Updated 6 December 2025

Gradient Norm Increase Phenomenon is defined as the non-monotonic, sometimes spiking, behavior of gradient magnitudes in deep networks that can lead to unstable training.
It manifests in various regimes such as layer-wise vanishing/exploding gradients, prescriptive instability at high learning rates, and heterogeneous behavior across CNNs and LLMs.
Normalization techniques like Backward Gradient Normalization, Gradient Autoscaled Normalization, and adaptive weight decay offer practical solutions to control gradient norms and boost performance.
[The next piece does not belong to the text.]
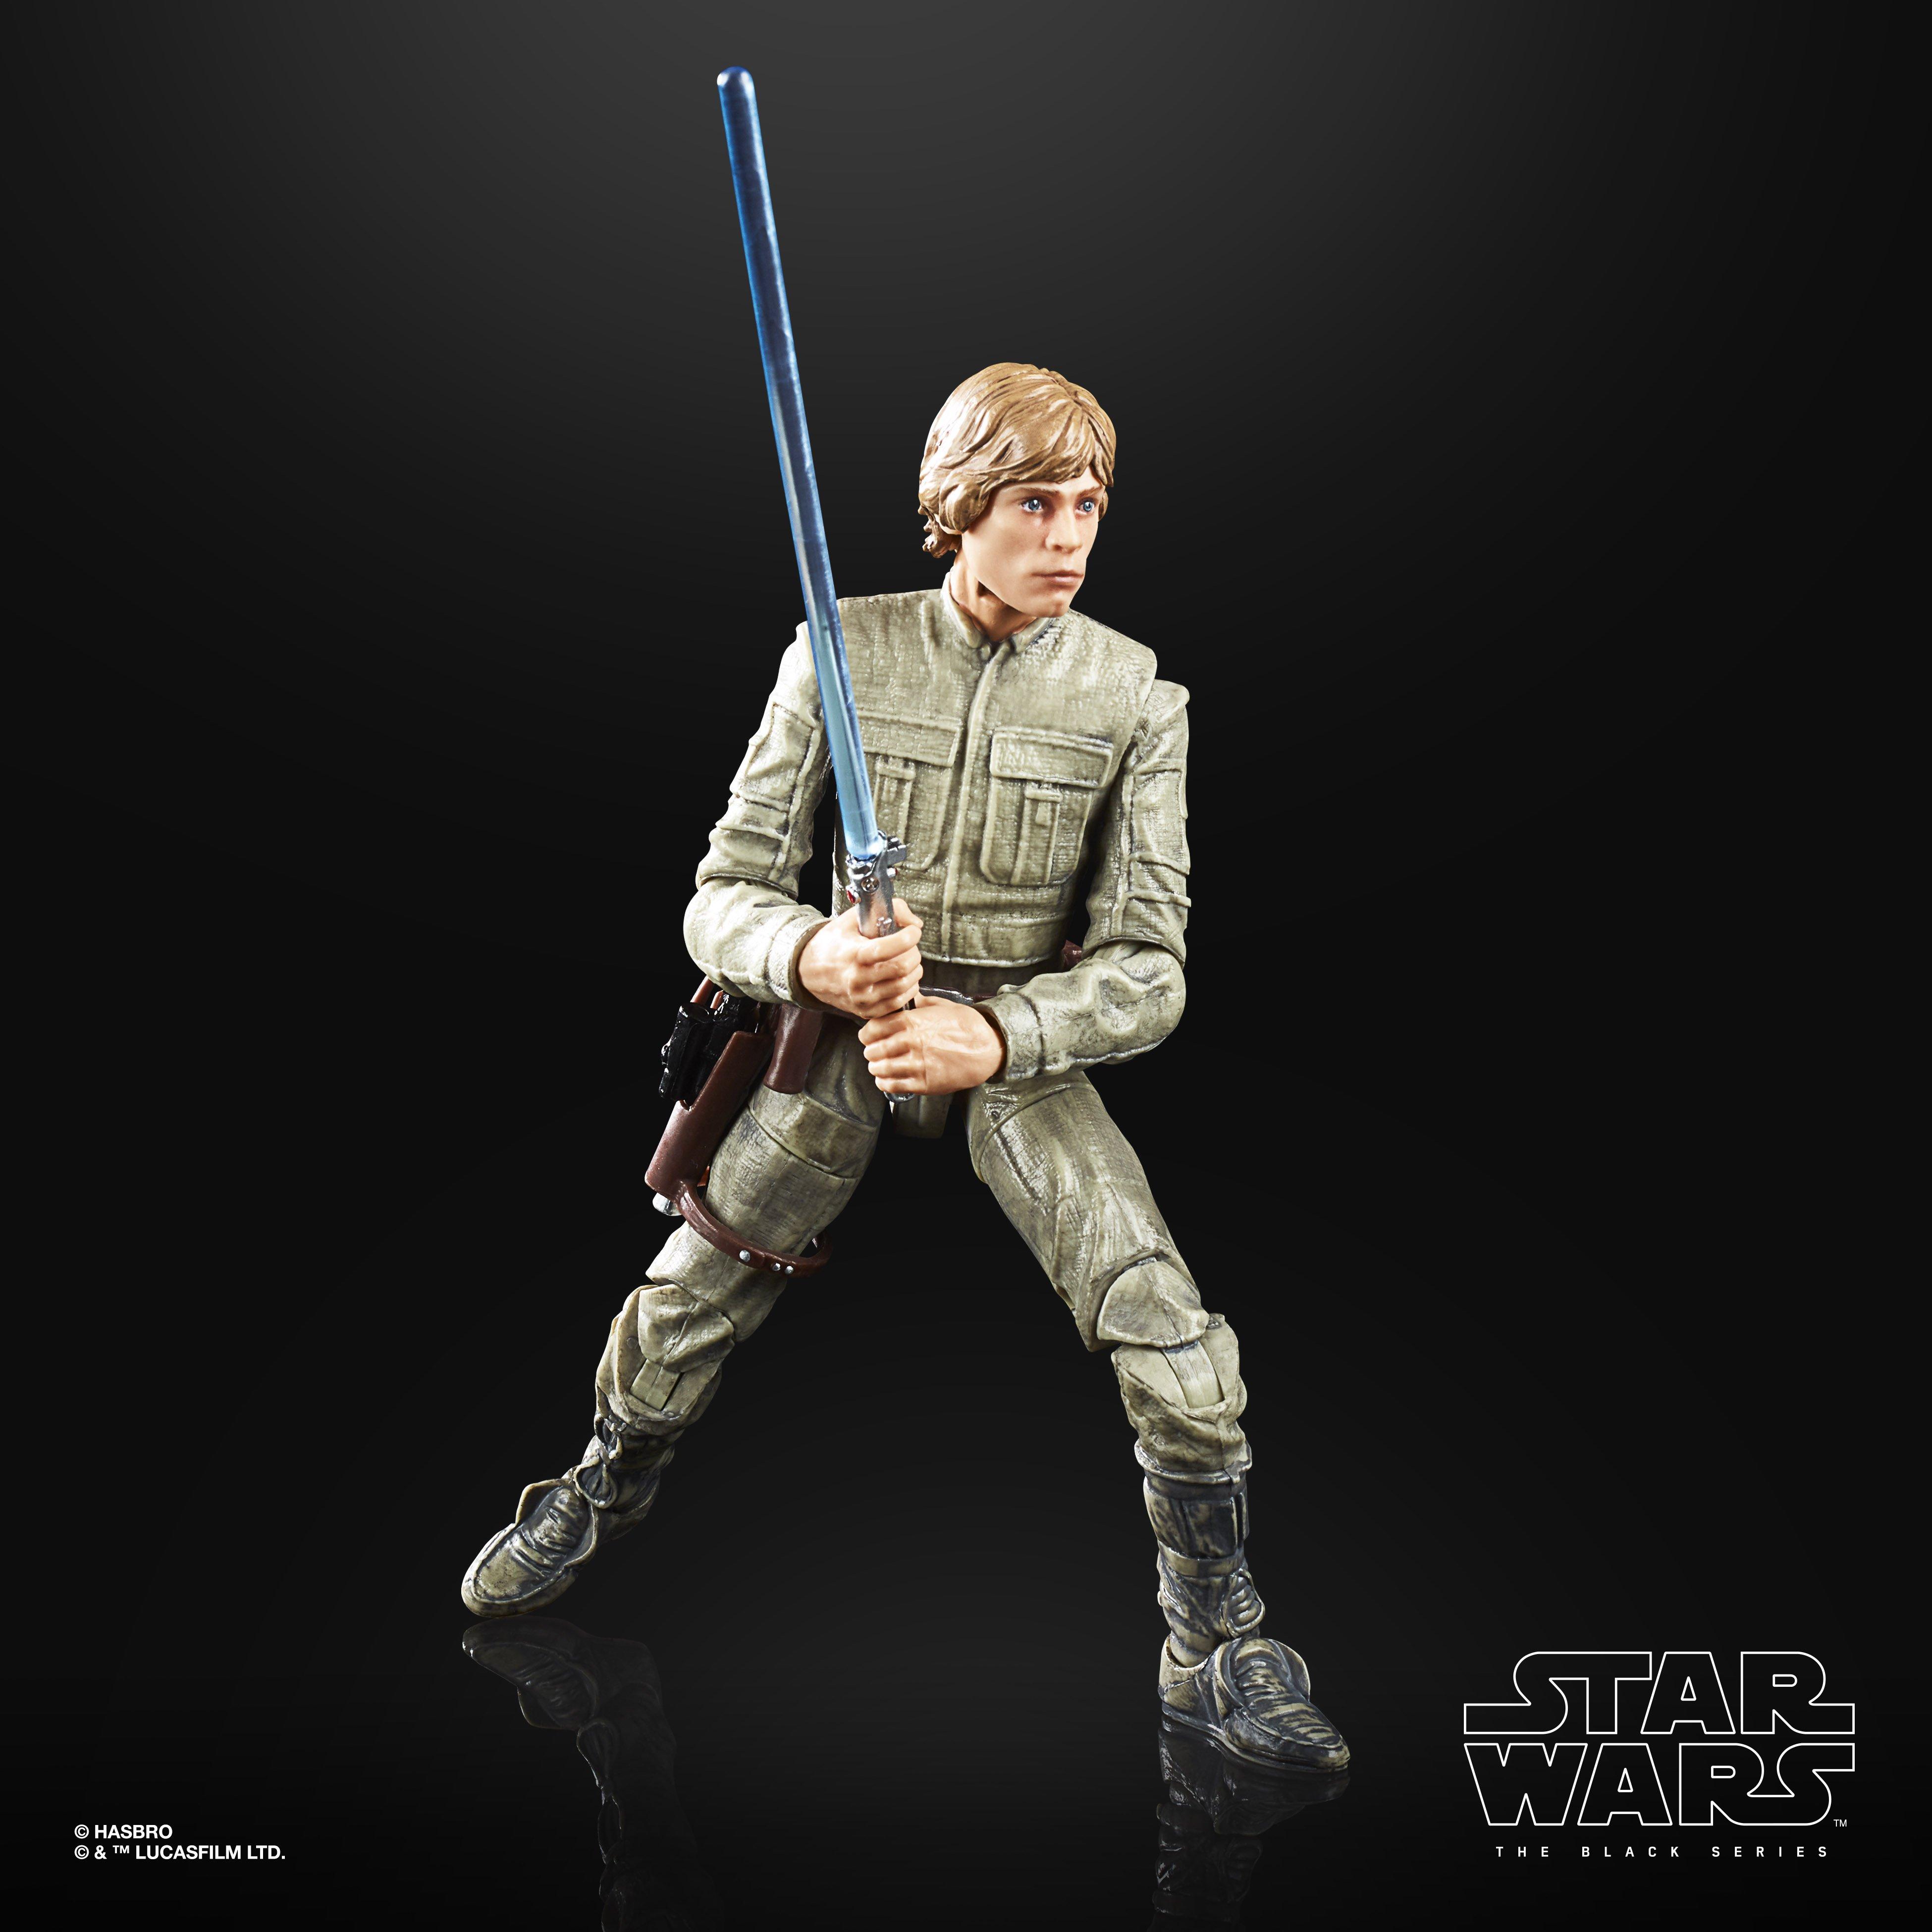 Jedi Training 6-Inch-Scale The Empire Strikes Back 40th Anniversary Figures Star Wars The Black Series Luke Skywalker and Yoda

The gradient norm increase phenomenon describes various regimes in deep learning optimization where the magnitude of the backpropagated or instantaneous gradient exhibits non-monotonic growth, spikes, or sustained elevation, rather than the expected decay with depth, training time, or parameter norm. This complex behavior manifests in several contexts: (i) layer-wise vanishing/exploding gradients in deep networks, (ii) transient increases in gradient standard deviation during early or late training, and (iii) instability near critical learning-rate thresholds. These behaviors undermine stable optimization, frustrate convergence, and limit generalization. Multiple recent studies propose normalization methods or corrected update rules that guarantee bounded or well-controlled gradient norms, often with demonstrated empirical benefits.
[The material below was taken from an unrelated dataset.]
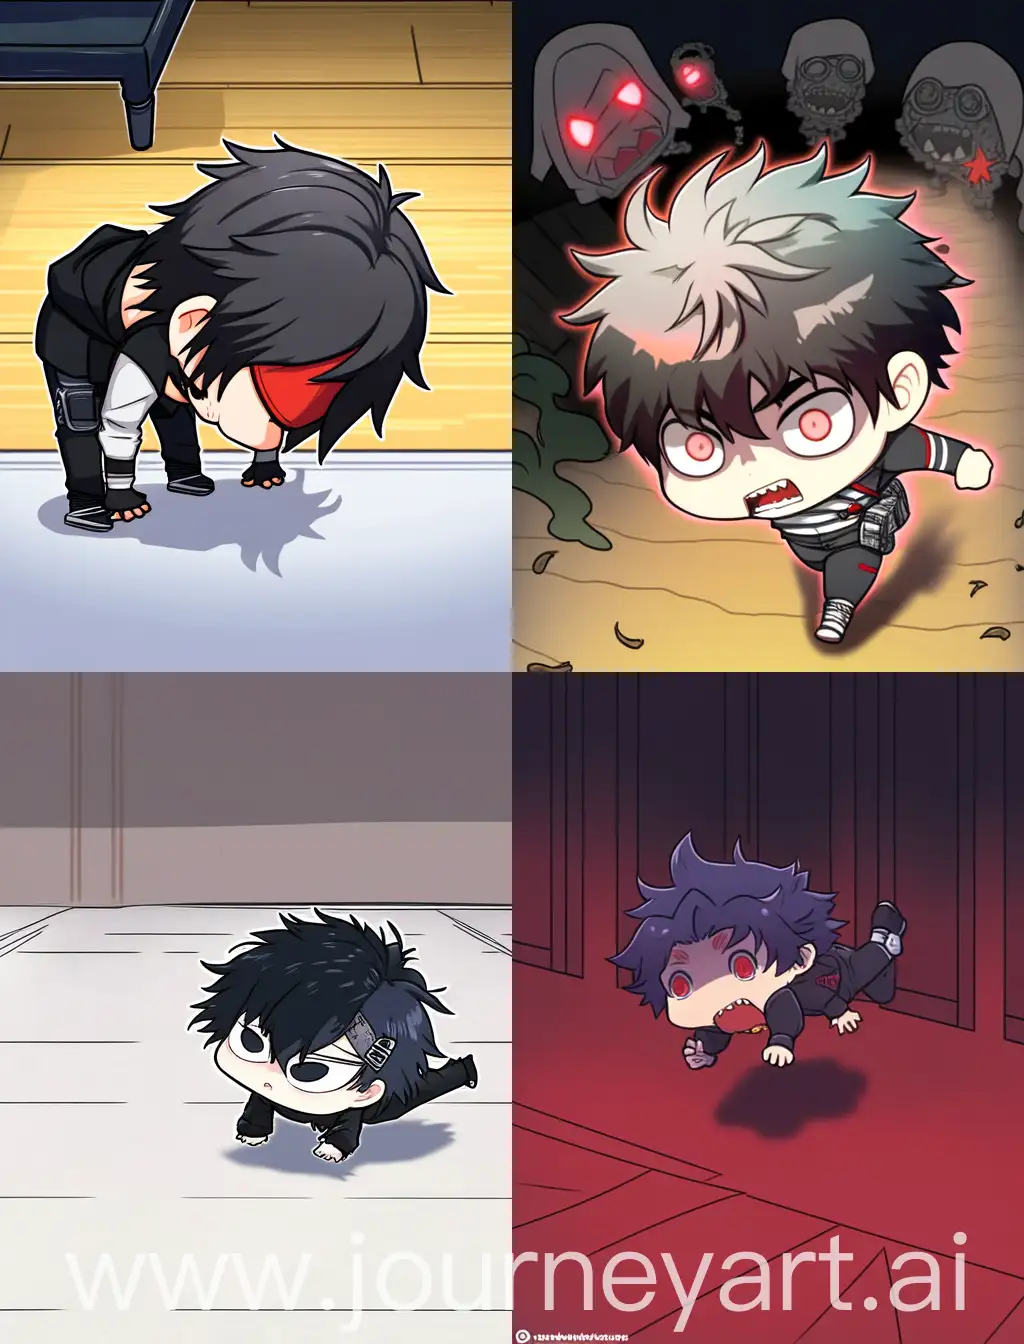 chibi anime emo guy doing push up, with spooky background

1. Foundational Mechanisms and Instability

In standard $N$ -layer feed-forward networks, the backpropagated gradient at layer $K$ follows

$\delta^{(K)} = \left( W^T \delta^{(K+1)} \right) \circ f'(z^{(K)}),$

with spectral norms of $W^T$ and $f'(z^{(j)})$ possibly $<1$ or $>1$ . The resulting norm propagation,

$\|\delta^{(K)}\| \approx \prod_{j=K}^N \|W^T\|\, \|f'(z^{(j)})\|,$

may decay (vanishing gradients) or blow up (exploding gradients) exponentially with depth difference. Vanishing gradients inhibit learning in early layers; exploding gradients induce instability and numerical overflow. This instability is pronounced in deep multilayer perceptrons, especially those without skip connections or normalization layers (Cabana et al., 2021).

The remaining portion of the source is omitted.